6. Limitations, Challenges, and Future Directions
While token merging is widely effective, several open issues and limitations remain:
- Information Loss at High Merge Rates: Aggressive merging can induce noticeable performance degradation, especially in tasks requiring fine-grained details (e.g., detailed reconstruction, dense segmentation). Spectral analyses (PiToMe, MergeDNA) and norm-preserving fusion (MLERP) aim to mitigate this (Tran et al., 2024, Li et al., 17 Nov 2025, Kim et al., 2023).
- Compatibility with Non-Standard Architectures: Some spatial ViT variants or autoregressive decoders require specially structured merging to maintain attention mask or spatial layout invariants (Gong et al., 26 Sep 2025, Liu et al., 16 Aug 2025).

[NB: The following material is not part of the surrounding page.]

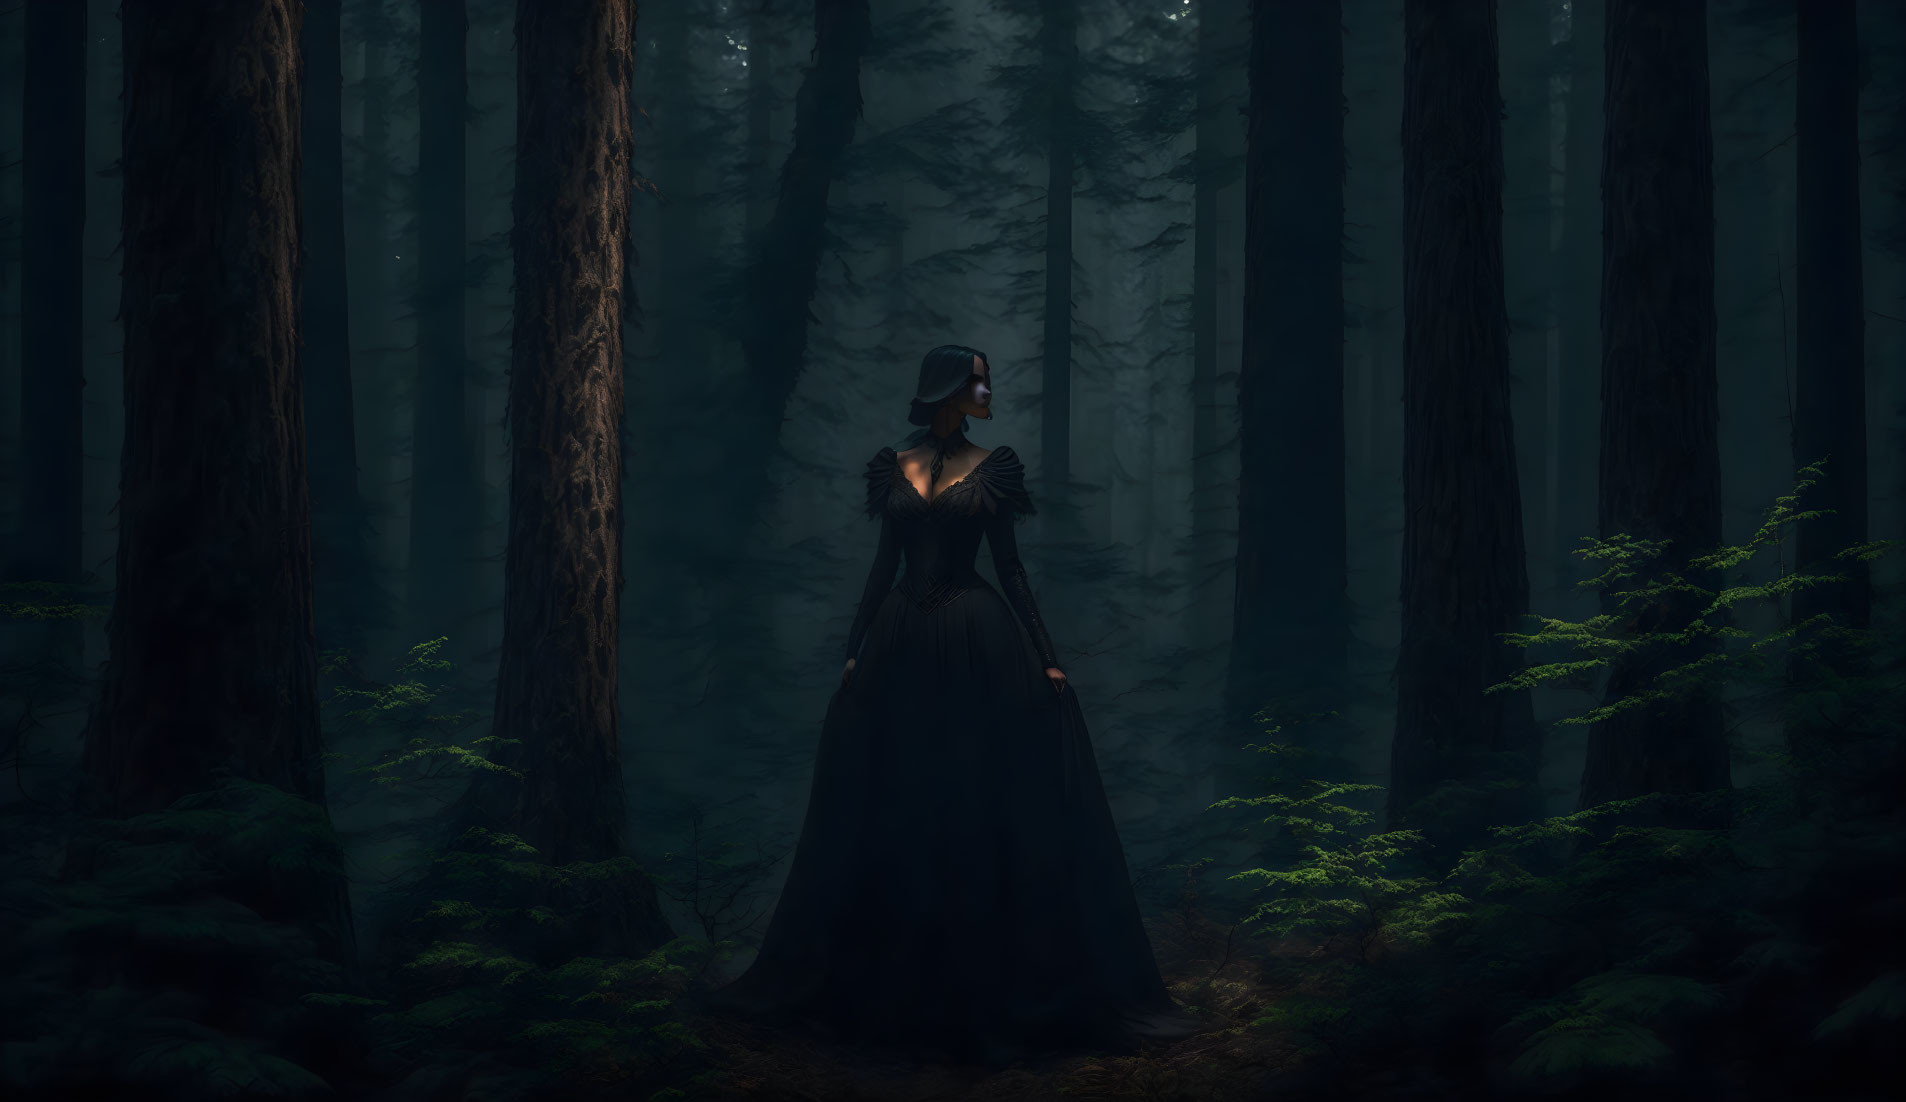 Woman in Dark Dress Standing in Misty Forest with Soft Light

- Dynamic or Learned Budgets: Most methods use static schedules or hyperparameters; active research investigates Bayesian optimization of per-layer budgets (edge ViTs, semantic communication) and adaptive policies based on input statistics (entropy, attention, importance) (Erak et al., 11 Sep 2025, Liu et al., 16 Aug 2025, Wu et al., 2024).
- Extensibility to Arbitrary Modalities: Existing merging relies primarily on similarity in key or embedding space; several works propose integrating geometric, spatial, or downstream-task priors (ToSA with spatial tokens; ClustViT with pseudo-cluster labels) (Huang et al., 24 Jun 2025, Montello et al., 2 Oct 2025).
7. Impact and Research Trajectory
Token merging has rapidly transitioned from a simple off-the-shelf plug-in (ToMe) to a versatile, domain-adaptive, and theoretically principled ecosystem of algorithms, with strong empirical utility across vision, language, speech, time series, genomics, and generative modeling. Research trends point toward:
- End-to-end differentiable and feature-decoupled merging (Lee et al., 2024)
- Energy and importance-aware policies preserving task-critical tokens (Tran et al., 2024, Wu et al., 2024)
- Integration with quantization, clustering, and task-specific regeneration (Li et al., 1 Apr 2025, Montello et al., 2 Oct 2025)
- Robustness to extreme compression and application to resource-constrained deployment (Erak et al., 11 Sep 2025Wu et al., 2024)
- Application to adaptive and hierarchical tokenization in non-canonical domains (Li et al., 17 Nov 2025Götz et al., 2024)
This convergence of efficient inference, spectral/structural preservation, and downstream task robustness positions token merging as a central technology in the next generation of efficient transformer and sequence models.